▶ **Exercise brief**
All of the data must be written out verbatim, with pictures excluded.

▶ **Recorded information**
____________________

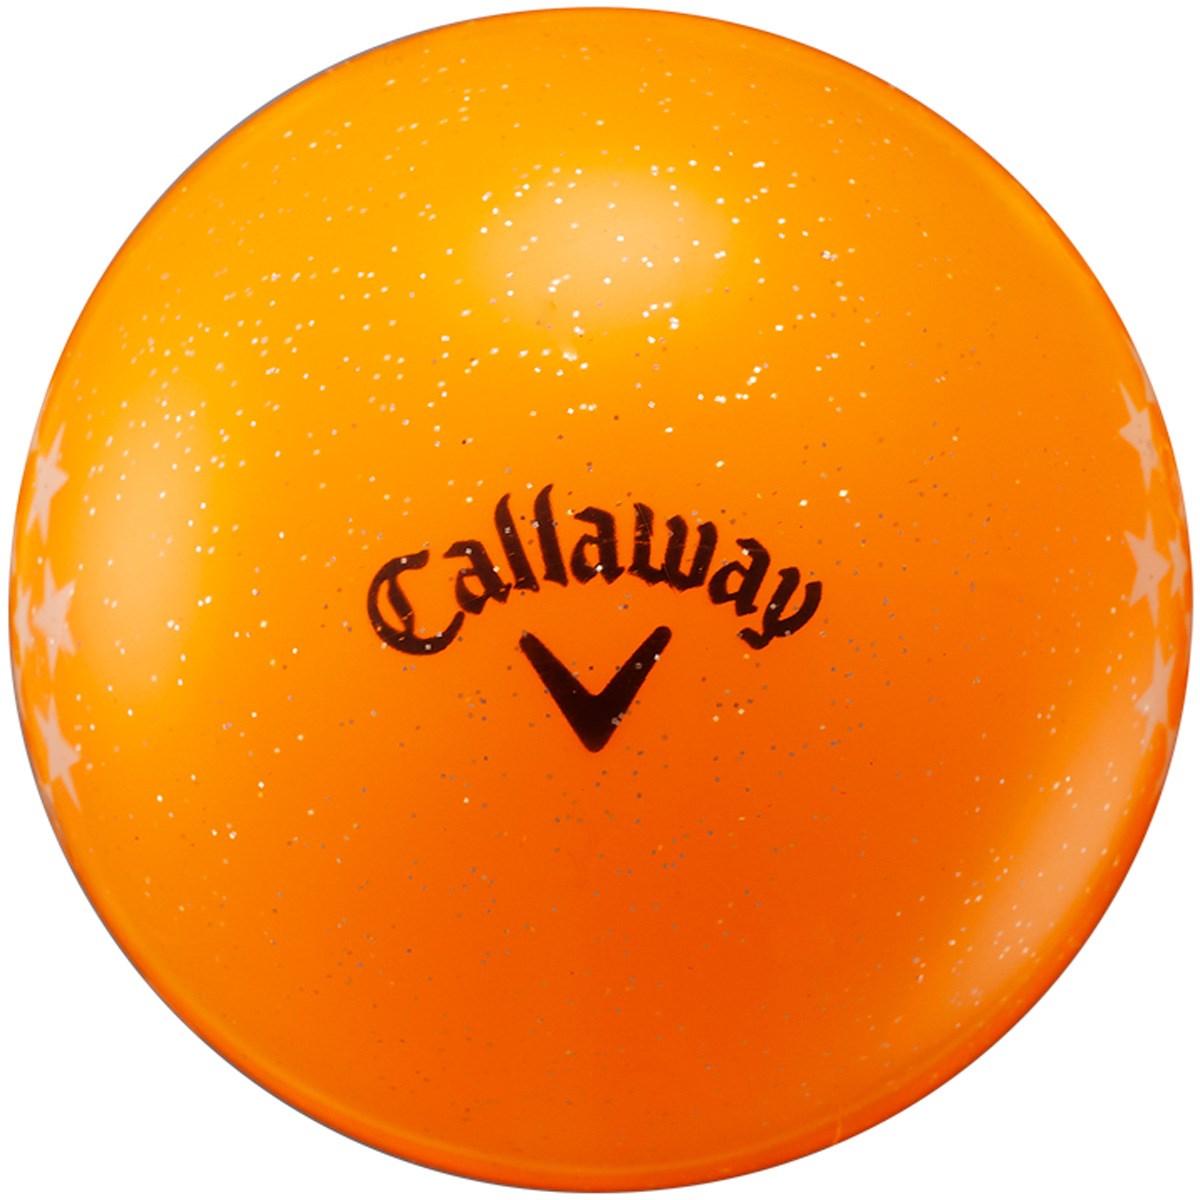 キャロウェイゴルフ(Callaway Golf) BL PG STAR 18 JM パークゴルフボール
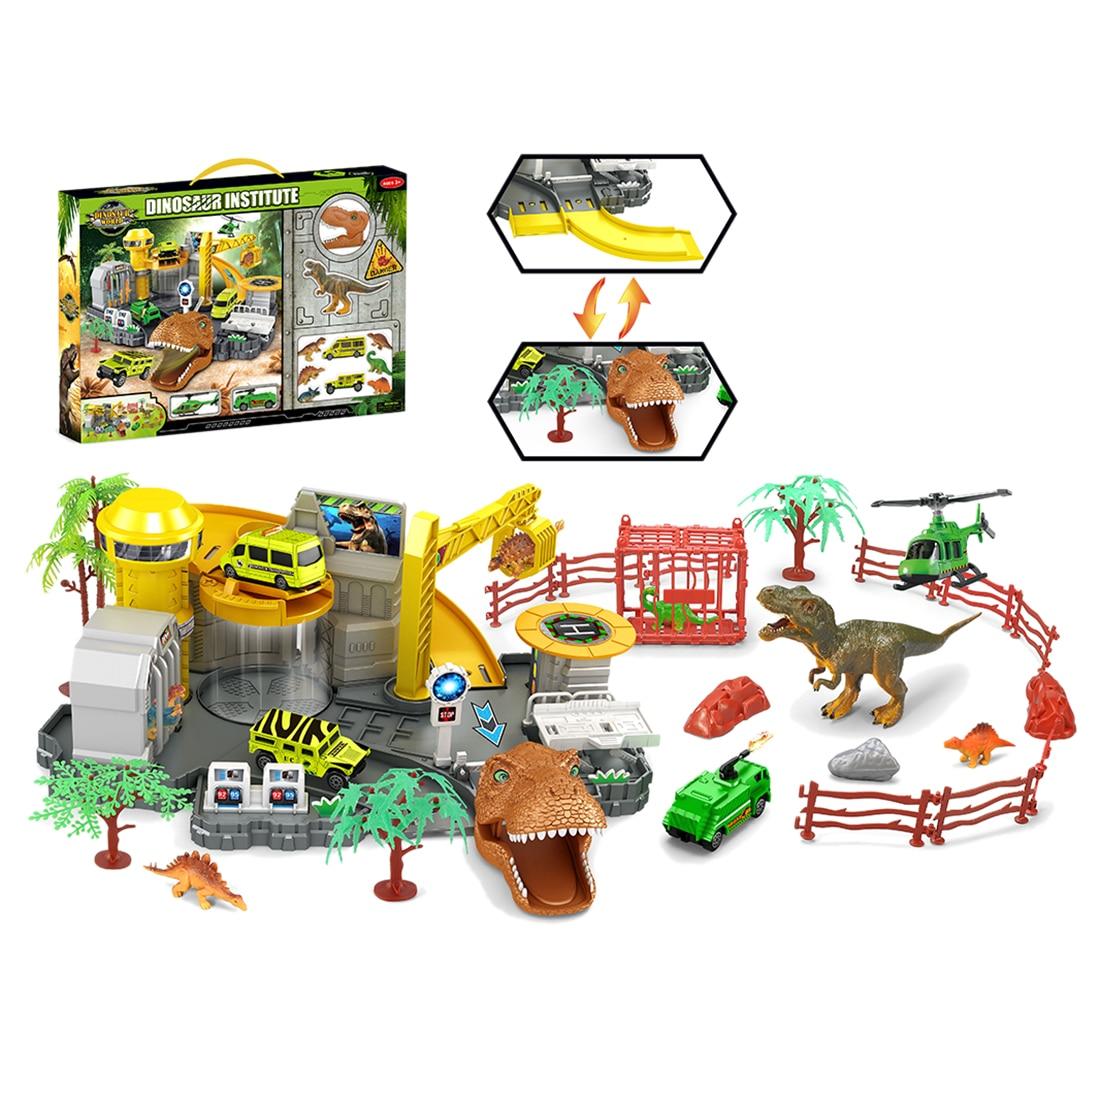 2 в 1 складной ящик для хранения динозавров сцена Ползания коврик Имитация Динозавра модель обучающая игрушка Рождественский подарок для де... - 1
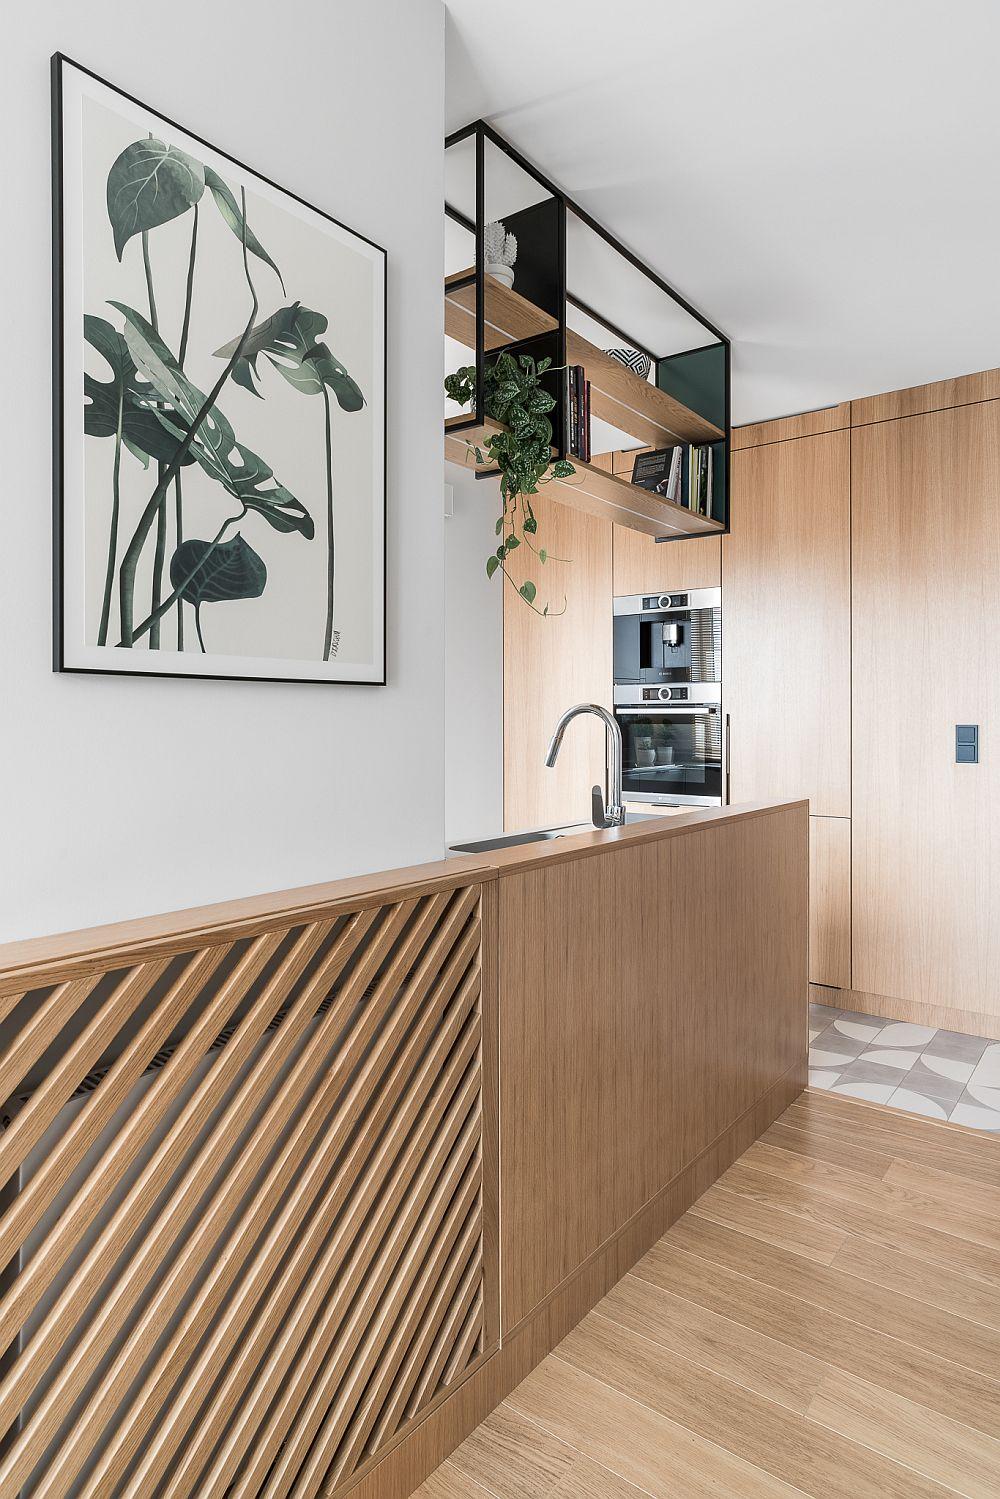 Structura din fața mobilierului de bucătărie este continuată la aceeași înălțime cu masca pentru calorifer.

____________________

▶ **Your response**
 キャロウェイゴルフ(Callaway Golf) BL PG STAR 18 JM パークゴルフボール
 2 в 1 складной ящик для хранения динозавров сцена Ползания коврик Имитация Динозавра модель обучающая игрушка Рождественский подарок для де... - 1
 Structura din fața mobilierului de bucătărie este continuată la aceeași înălțime cu masca pentru calorifer.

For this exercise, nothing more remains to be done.